The amount was the revenue accruable to the federation account in November 2022.

Out of the amount, the Federal Government received N358.515 billion, the State Governments received N270.836 billion and the Local Government Councils received N204.130 billion.

A total sum of N68.572 billion was shared to the relevant oil-producing states as 13% derivation revenue.

A communiqué issued at the end of the FAAC meeting for December  2022 stated that the N902.053 billion total distributable revenue comprised distributable statutory revenue of N681.079 billion, distributable Value Added Tax (VAT) revenue of N202.839 billion, Exchange Gain revenue of N7.164 billion and N10.971 billion Electronic Money Transfer Levy (EMTL) revenue.

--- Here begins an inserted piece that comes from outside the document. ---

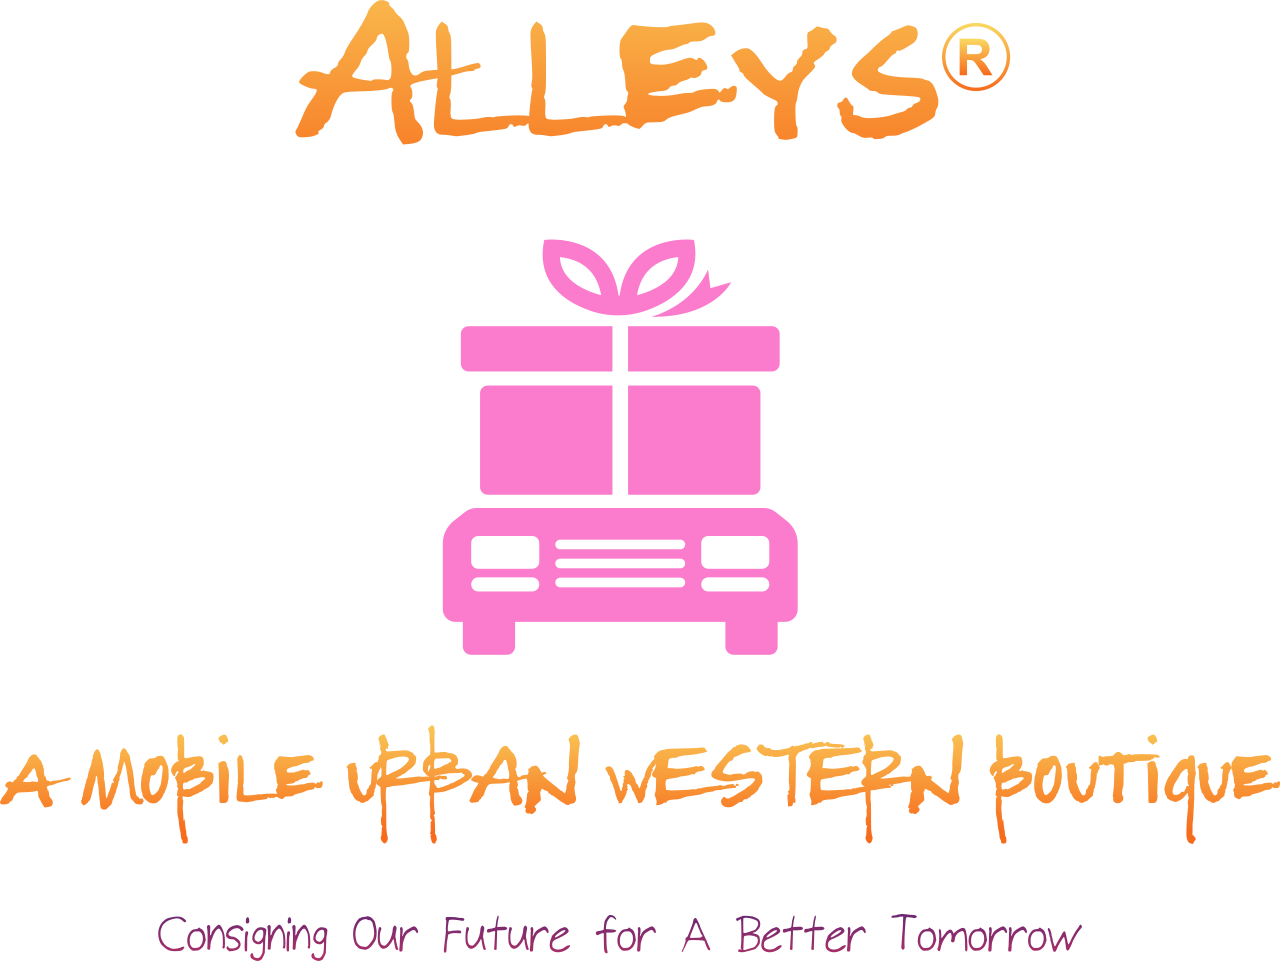 Alleys's web page

In November 2022, the total deductions for cost of collection was N40.695 billion and total deductions for transfers, refunds and levies was N232.288 billion.

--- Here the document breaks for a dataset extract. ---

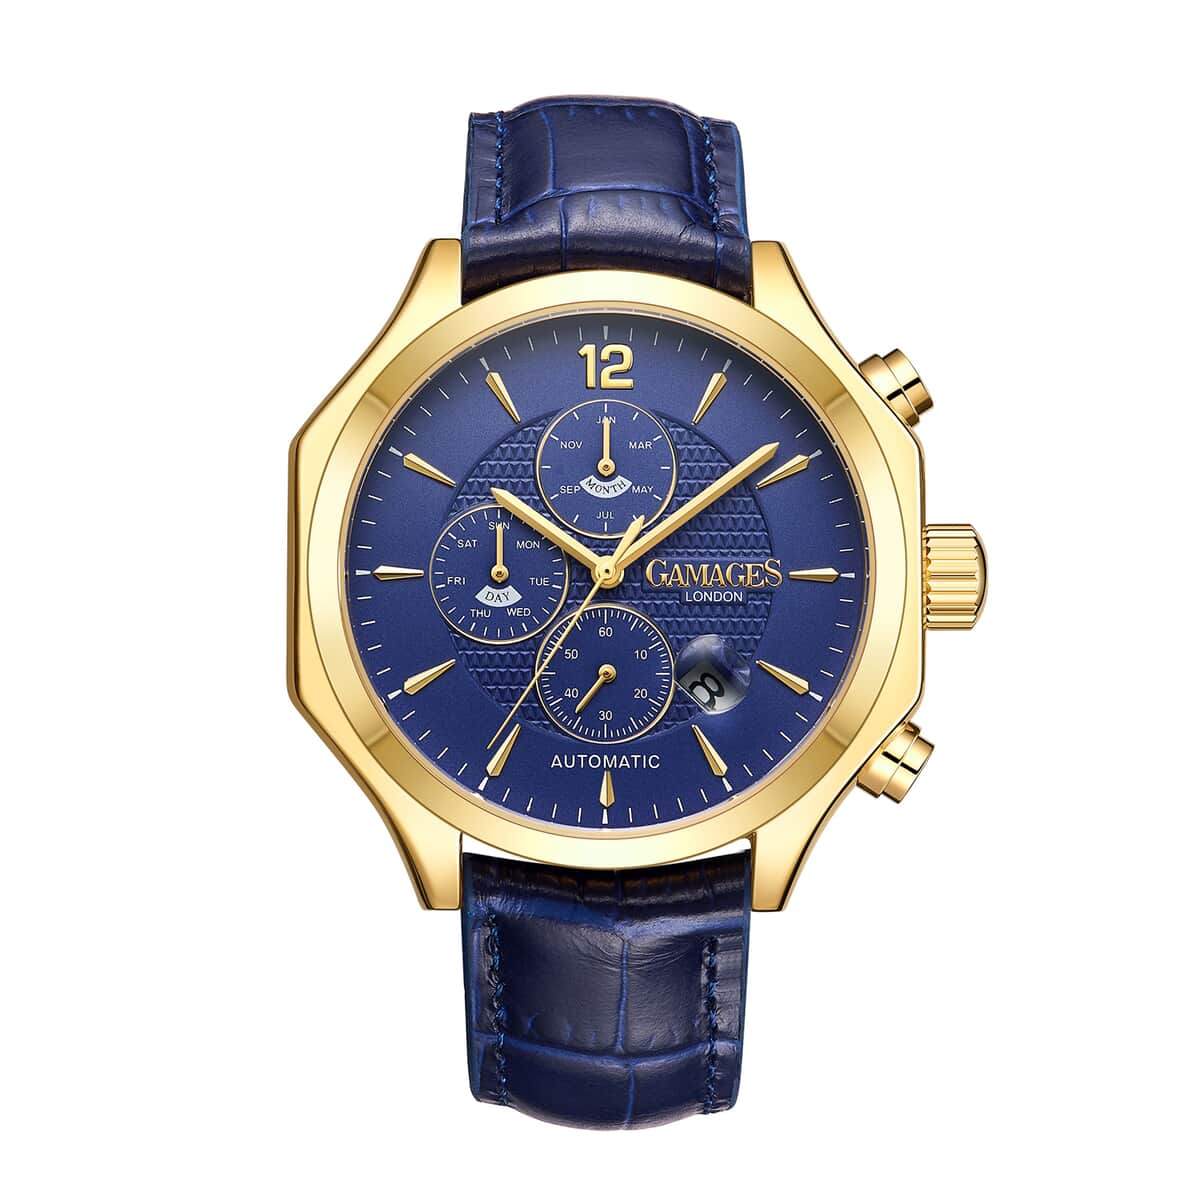 GAMAGES OF LONDON Limited Edition Hand Assembled Grandeur Automatic Movement Genuine Leather Strap Watch in Blue (45mm) FREE GIFT PEN image number 0

The balance in the Excess Crude Account (ECA) was $473,754.57

The communiqué confirmed that gross statutory revenue of N938.618 billion was received for the month of November 2022.

This was higher than the sum of N622.270 billion received in the previous month by N316.348 billion.

From the N681.079 billion distributable statutory revenue, the Federal Government received N323.094 billion, the State Governments received N163.878 billion and the Local Government Councils received N126.343 billion. The sum of N67.765 billion was shared to the relevant states as 13% derivation revenue.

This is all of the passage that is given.